By MATTHEW HOLT and INDU SUBAIYA
Indu & I have been talking about Flipping the Stack in health care for about 3 years. 2 years ago we wrote an article for a general hospital audience which appeared in the 2019 AHA SHSMD Futurescan magazine. I was talking about the changes in home monitoring that might come about due to COVID-19 and remembered this article. The one that got published went through a staid editing process. This is the original version that I wrote before which was rather more fun and hasn’t seen the light of day. Until now. Take a look and remember it is 2 years old–Matthew Holt
Over the past twenty-five years most businesses have been revolutionized by the easy availability of cloud and mobile-based computing systems. These technologies have placed power and access into the hands of employees and customers, which in turn has created huge shifts in how transactions get done. Now the companies with the highest market value are both the drivers of and beneficiaries of this transition, notably Apple, Facebook, Amazon and Alphabet (Google), as well as their international rivals like Samsung, Baidu, Tencent and Alibaba. Everyone uses their products every day, and the impact on our lives have been remarkable. Of course, this also impacts how businesses of all types are organized.

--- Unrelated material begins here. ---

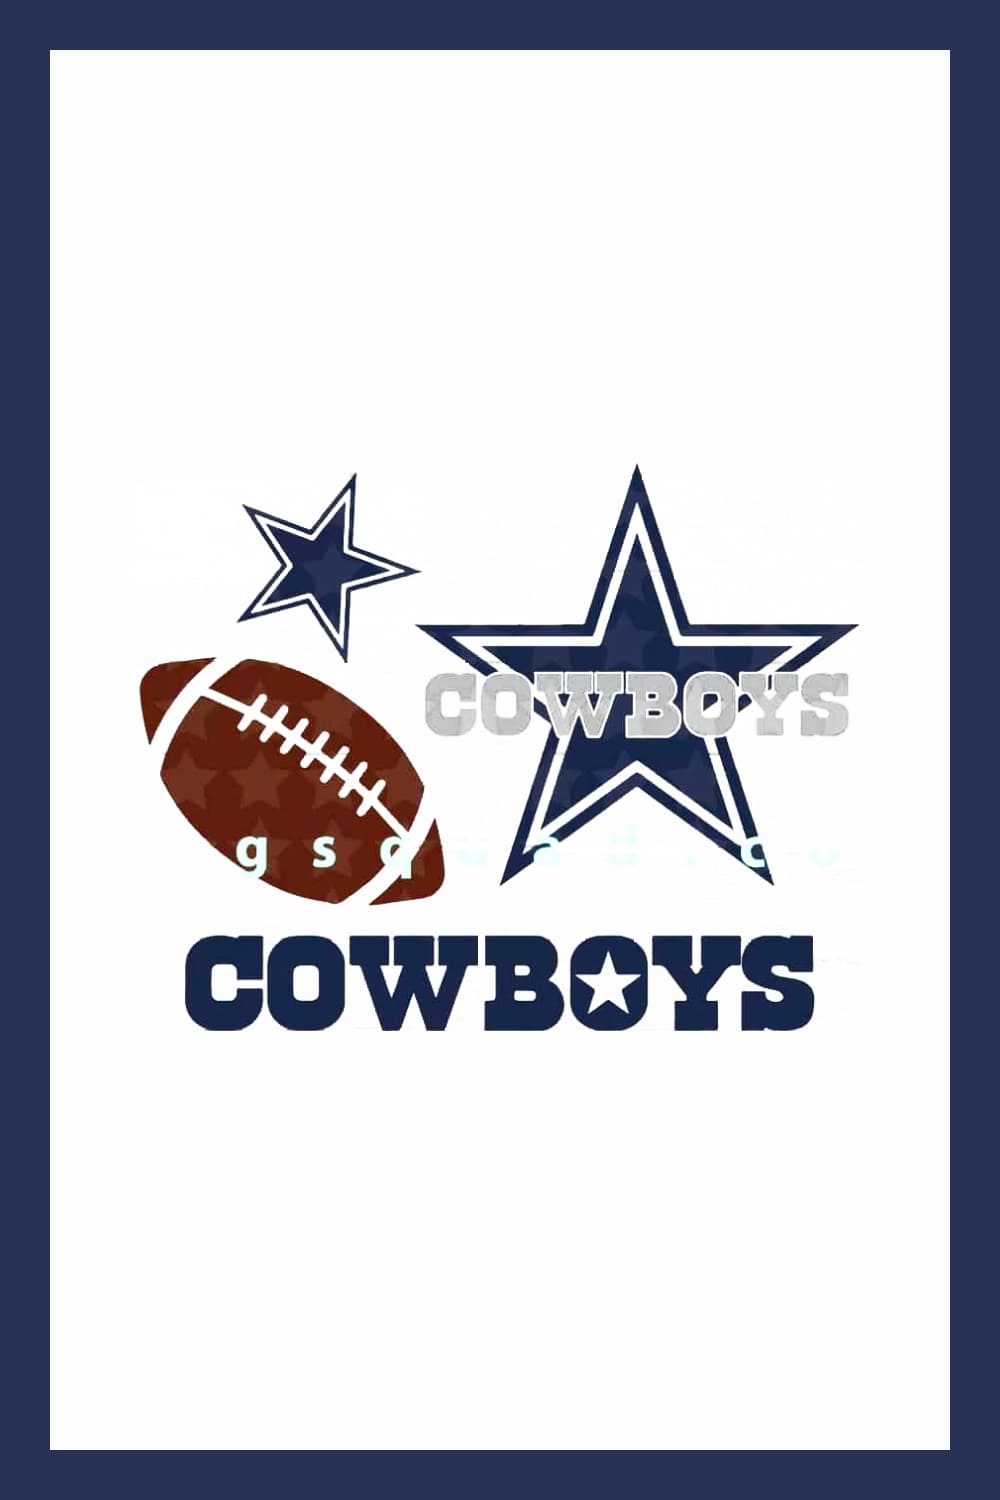 Collage of stars, balls and text Cowboys.
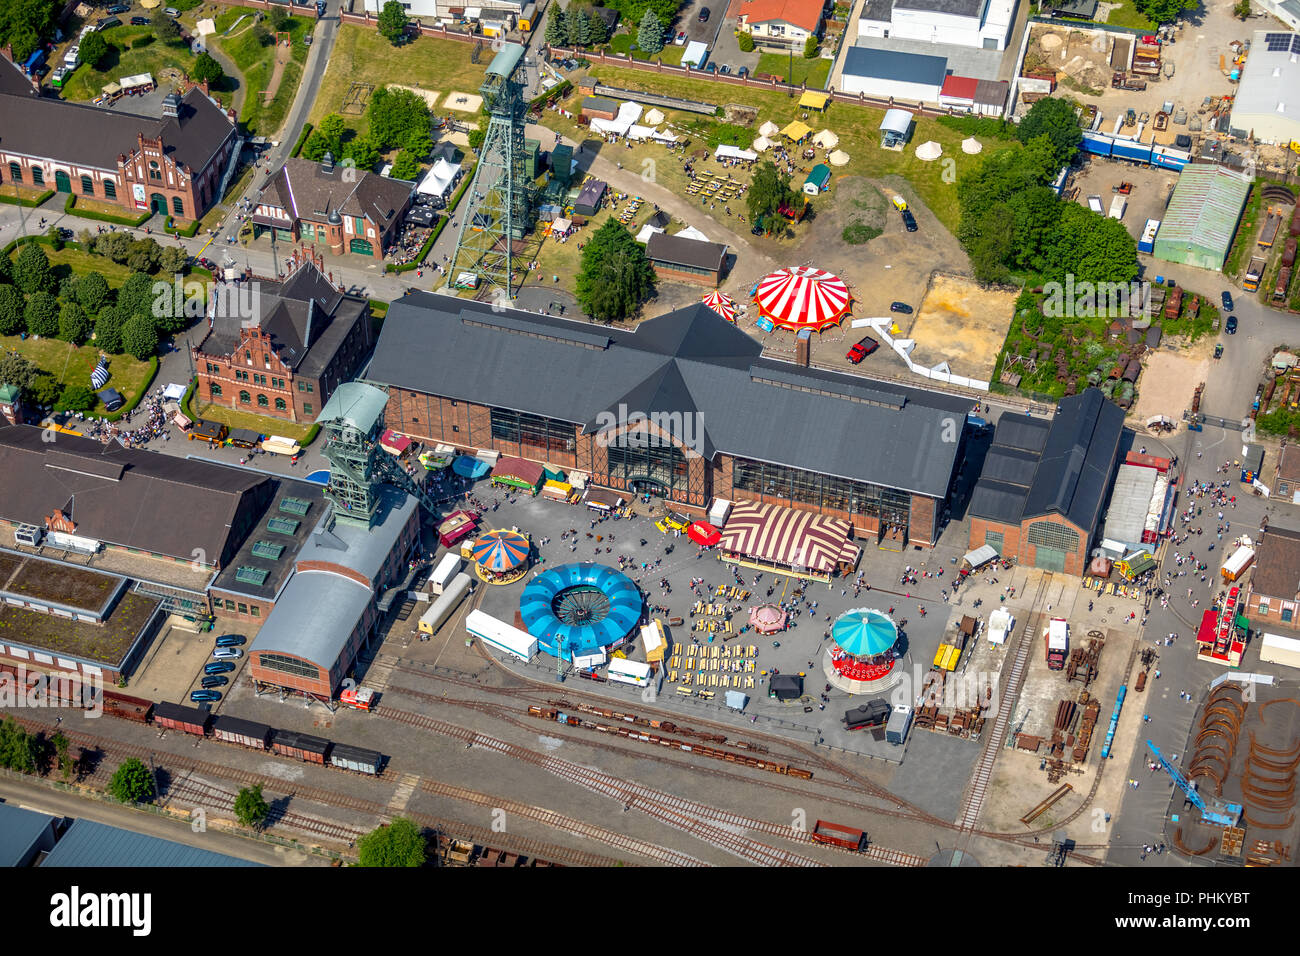 Aerial photo, Zollern colliery historical fair ,Festival on the grounds of Zollern colliery, LWL-Industriemuseum - Westfälisches Landesmuseum für Indu Stock Photo

Underpinning this transformation has been a change from enterprise-specific software to generic cloud-based services—sometimes called SMAC (Social/Sensors/Mobile/Analytics/Cloud). Applications such as data storage, sales management, email and the hardware they ran on were put into enterprises during the 80s and 90s in the client-server era (dominated by Intel and Microsoft). These have now migrated to cloud-based, on-demand services.
Twenty years ago the web was still a curiosity for most organizations. But consumers flocked to these online services and in recent years businesses followed, using GSuite, AWS (Amazon Web Services), Salesforce, Slack and countless other services. Those technologies in turn enabled the growth of whole new types of businesses changing sectors like transportation (Uber), entertainment (Netflix), lodging (AirBnB) and more.
What about the hospital?
Hospitals and health systems were late comers to the enterprise technology game, even to client-server. In the 2000’s and 2010’s, mostly in response to the HITECH Act, hospitals added electronic medical records to their other information systems. The majority of these were client-server based and enterprise-specific. Even if they are cloud-based, they tend to be hosted in the private cloud environment of the dominant vendors like Epic and Cerner. Of the major EMR vendors only Athenahealth had an explicit cloud-only strategy, and its influence has been largely limited to revenue cycle management on the outpatient side.
However, the hospital sector is likely to move towards the trend of using the cloud seen in other businesses.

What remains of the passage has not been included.